According to an embodiment, the same kind of layered scalable structure can be used in relation to multi-channel audio coding. Likewise, a plurality of multi-channel coding schemes may be provided, whereby the layers presented above may be used to deliver multi-channel audio information with a variety of audio quality. The multi-channel coding schemes with the lowest audio quality and bitrate may preferably take advantage of Binaural Cue Coding (BCC), which is a highly developed parametric spatial audio coding method. BCC represents a spatial multi-channel signal as a single (or several) downmixed audio channel and a set of perceptually relevant inter-channel differences estimated as a function of frequency and time from the original signal. The method allows for a spatial audio signal mixed for an arbitrary loudspeaker layout to be converted for any other loudspeaker layout, consisting of either same or different number of loudspeakers. BCC results in a bitrate, which is only slightly higher than the bitrate required for the transmission of one audio channel, since the BCC side information requires only a very low bitrate (e.g. 2 kbps).
According to an embodiment, the first multi-channel coding scheme MC1 involves a BCC coding where spatial information of the five audio channels and one low frequency channel of the 5.1. multi-channel system is applied to one core codec channel only, i.e. BCC5-1-5 coding. The parametric spatial information of the MC1 is provided on layers 1 and 2, whereby layer 1 provides a narrow band (0-8 kHz) downmixed audio channel, which is bandwidth extended by layer 2 up to 16 kHz. Due to the very efficient downmix process and very low bitrate side information, the BCC5-1-5 coding, requiring a bitrate of 16 kbps as such, results in a total bitrate of only 40 kbps, i.e. including layer 1, layer 2 and MC1.
Then the second multi-channel coding scheme MC2 can involve an enhanced BCC coding where spatial information of the 5.1. multi-channel system is applied to two core codec channel, i.e. BCC5-2-5 coding, which requires a bitrate of only 20 kbps. Using two core codec channels instead of one increases the total bitrate only to 64 kbps, i.e. including layer 1, layer 4, layer 5 and MC2.
According to an embodiment, the third multi-channel coding scheme MC3 does not utilize BCC coding any more, but rather the difference between the original 5.1 Left and Right channels to the downmixed Left and Right that were used to create layers 1 and 4 as described above. The MC3 coding scheme can then further involve coded data for a low frequency band (0-8 kHz) also for the remaining channels of the 5.1. multi-channel system; i.e. center channel C, Left surround channel LS, Right surround channel RS, and Low Frequency Effect channel LFE. Furthermore, the MC3 coding scheme preferably involves a BWE for all these channels.
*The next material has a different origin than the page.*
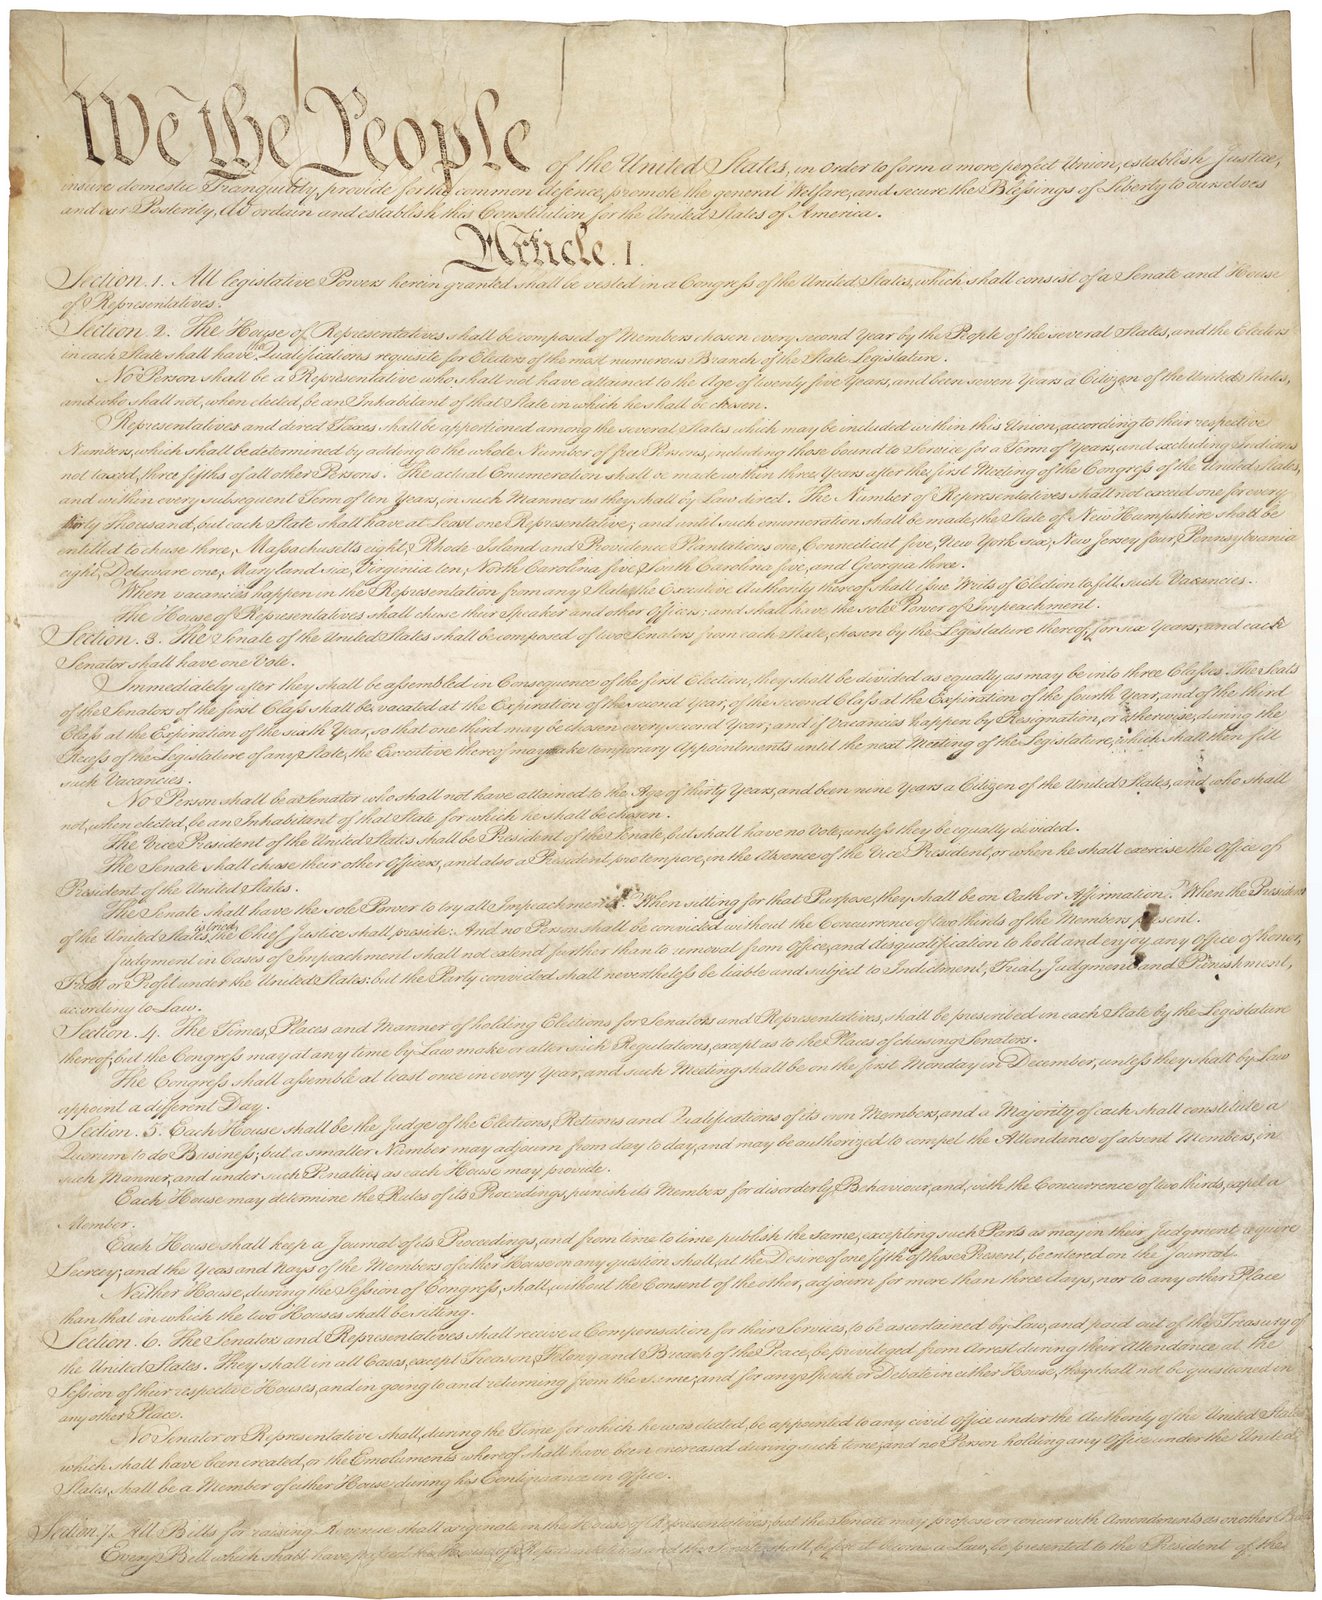 CONSTITUTION OF THE U.S.

According to an embodiment, the fourth multi-channel coding scheme MC4 provides a high quality multi-channel coding by improving the MC3 such the BWEs of each channel in the MC3 are replaced with coded data.
Then the fifth multi-channel coding scheme MC5 can provide an ultra high quality enhancement to the MC4 in a similar manner as layers 10 and 11 described above, i.e. by improving the quality of the whole signal throughout all frequencies and expanding the frequency range further to 20 kHz.
According to an embodiment, the multi-channel layers MC3 and MC4 can further be split into smaller layers by sending most important channels and lowest frequencies first and using the previous layer in the perceptually less relevant regions.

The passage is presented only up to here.